RBTH: Given the fact that relations between Russia and Poland have been poisoned for centuries, will two nations be able to move beyond this history?

Z.B: I think it is possible to move beyond that. But one has to be also cautious of the fact that reciprocal hostility is not necessarily the correct definition of the relationship at different stages of history. What I mean by that is that at certain stages of history, the hostility involved Polish supremacy, which led to occupation of Moscow, and that was centuries ago. In more recent centuries, it involves much more Russian supremacy and domination of Poland, including for example such horrible act as Katyn. So one has to be aware of the fact that the wounds are a little more sensitive still on the Polish side than on the Russian side. One also has to recognize that in any reconciliation there is some distinction, which should not be exaggerated in importance, but is a distinction nonetheless—between the stronger side and the weaker side. These realities have to be taken into account in the very difficult and psychologically complex process that reconciliation truly is.  

RBTH: There are some fears that after the case of Smolensk plane crash is closed and out of the spotlight, Russian-Polish ties may worsen again. It’s not a secret that there are some countries that are uncomfortable with improving ties between Russia and Poland. What is your personal forecast on both the future of bilateral relations between Moscow and Warsaw and relations between the two countries in a broader European context?  
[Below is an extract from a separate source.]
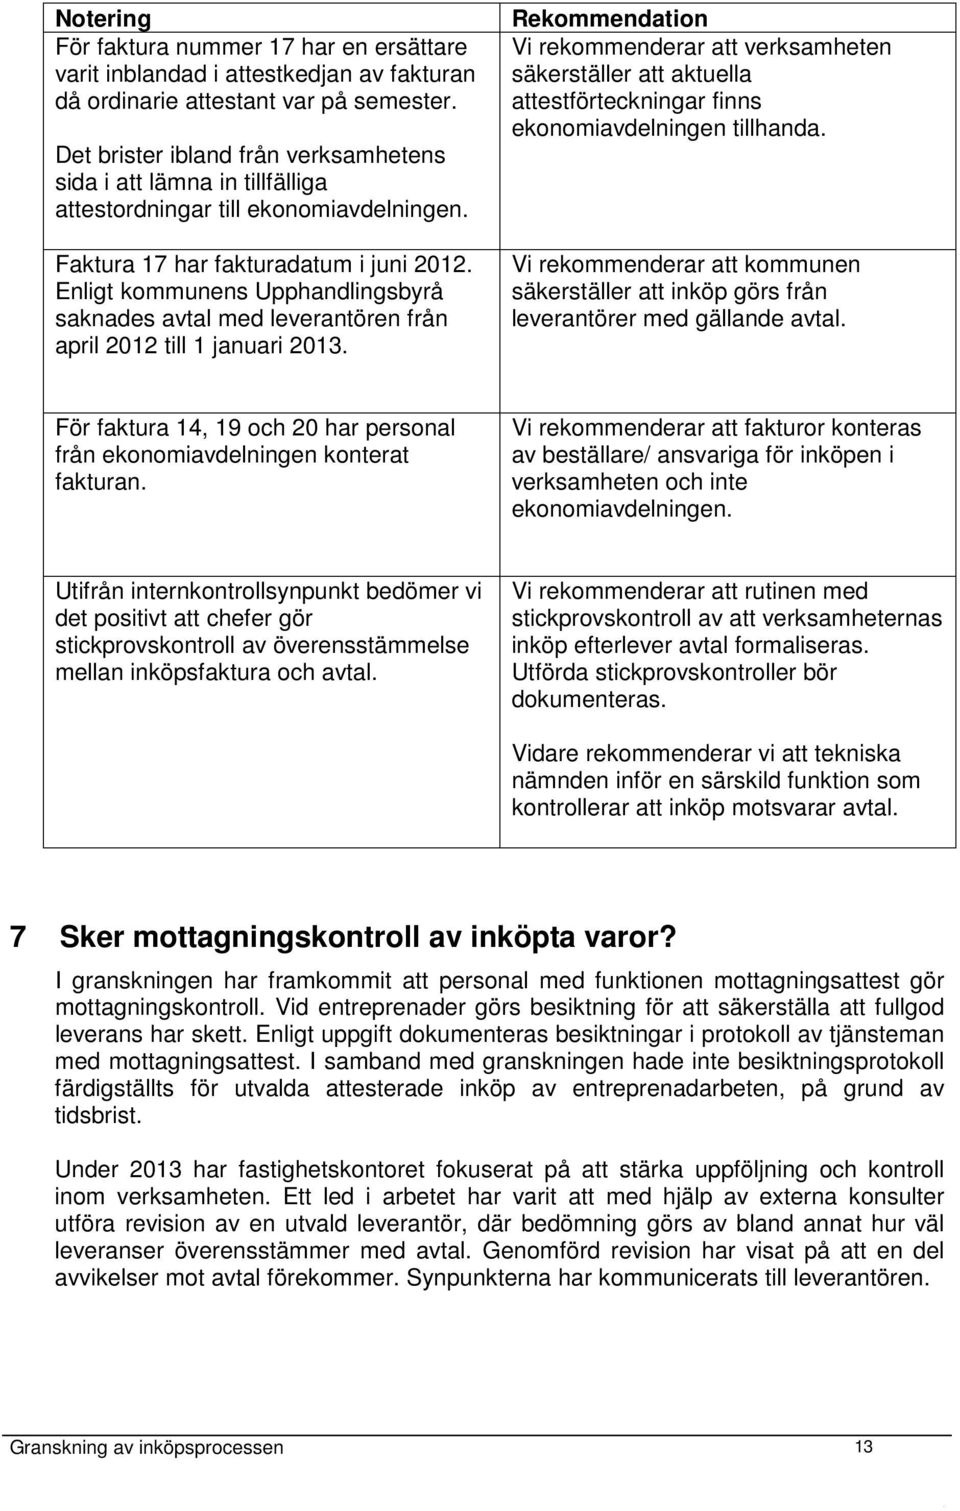 Enligt kommunens Upphandlingsbyrå saknades avtal med leverantören från april 2012 till 1 januari 2013.
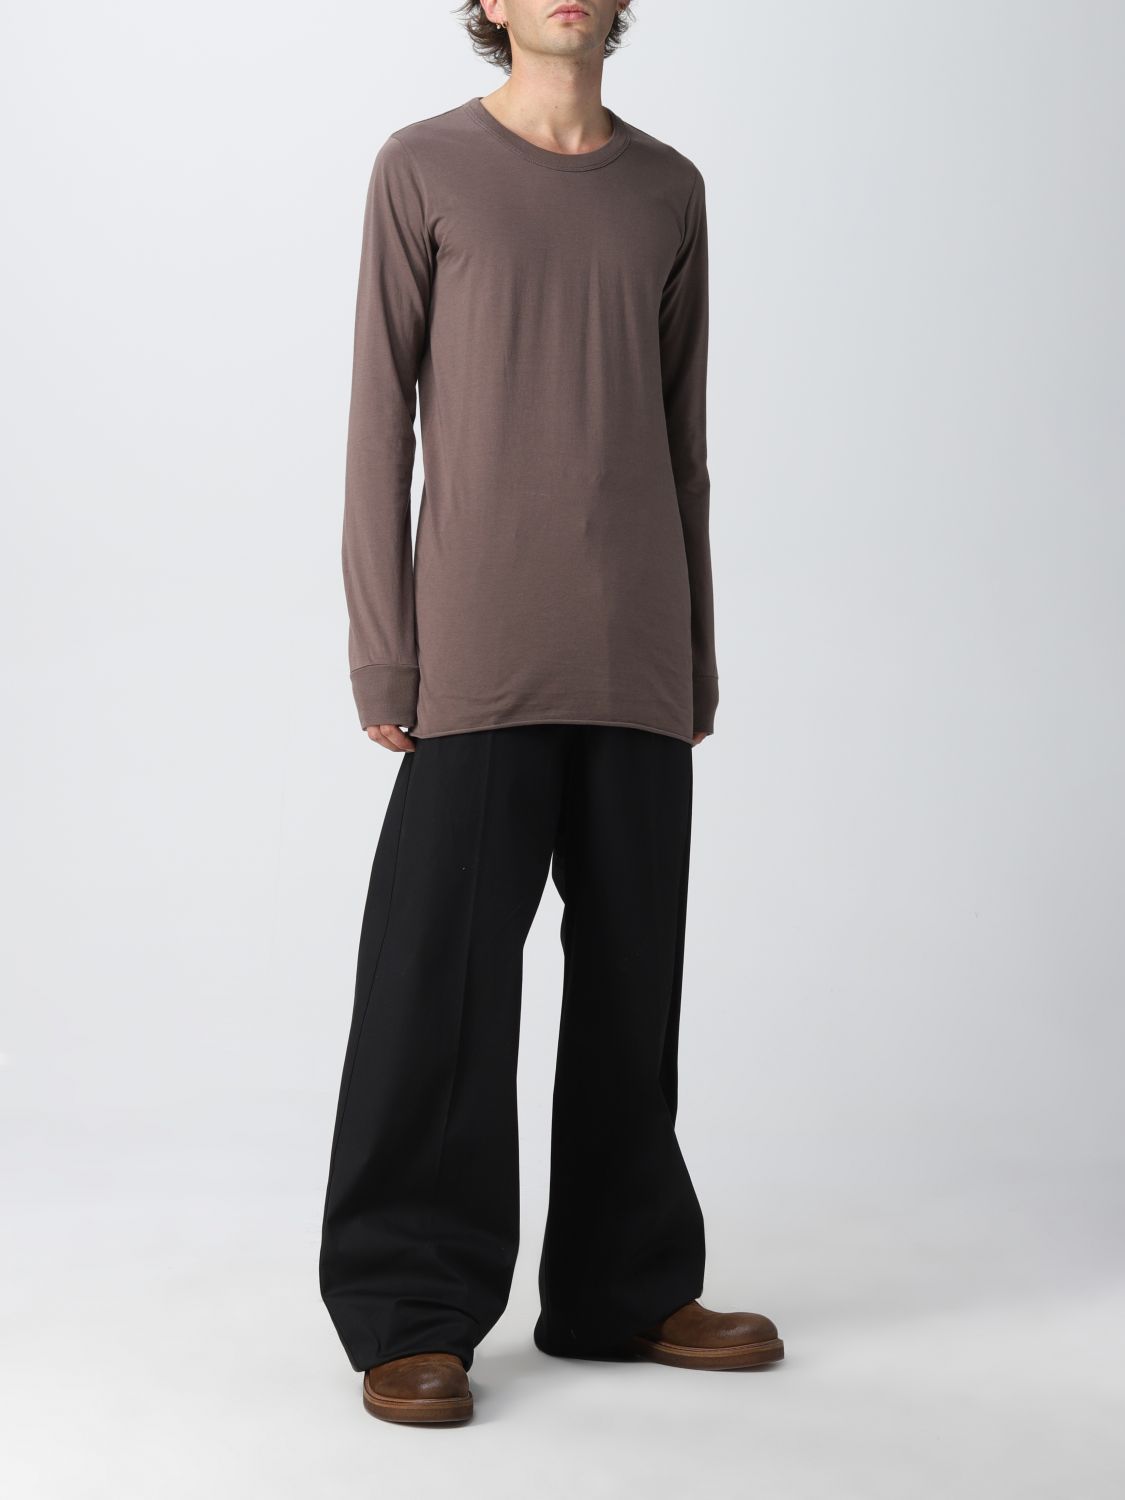 Tシャツ Rick Owens: Tシャツ メンズ Rick Owens ダスト 2

Z.B.: I am cautiously optimistic on both accounts. I think there is some genuine momentum in the Polish-Russian reconciliation that should be maintained and can be maintained. And I do think that if it is maintained, the concerns some of the countries in the proximity of Poland and Russia will be relieved in the sense that they will see some genuine benefits for themselves.

RBTH: What role, if any, should the United States play to facilitate the normalization of the Polish-Russian relationship?

Z.B.: I think just be sympathetic, engage, try to reduce irritations that can surface on the one or the other side. Even in regards to the question of deployments of defensive missiles, Poles need to understand that this is not some sort of an alliance against Russia, and Russians need to understand that if it takes place, it is not going to be some threat to Russia. I think America can play a constructive role, but ultimate responsibility rests on the countries—and especially the two peoples—involved in this process.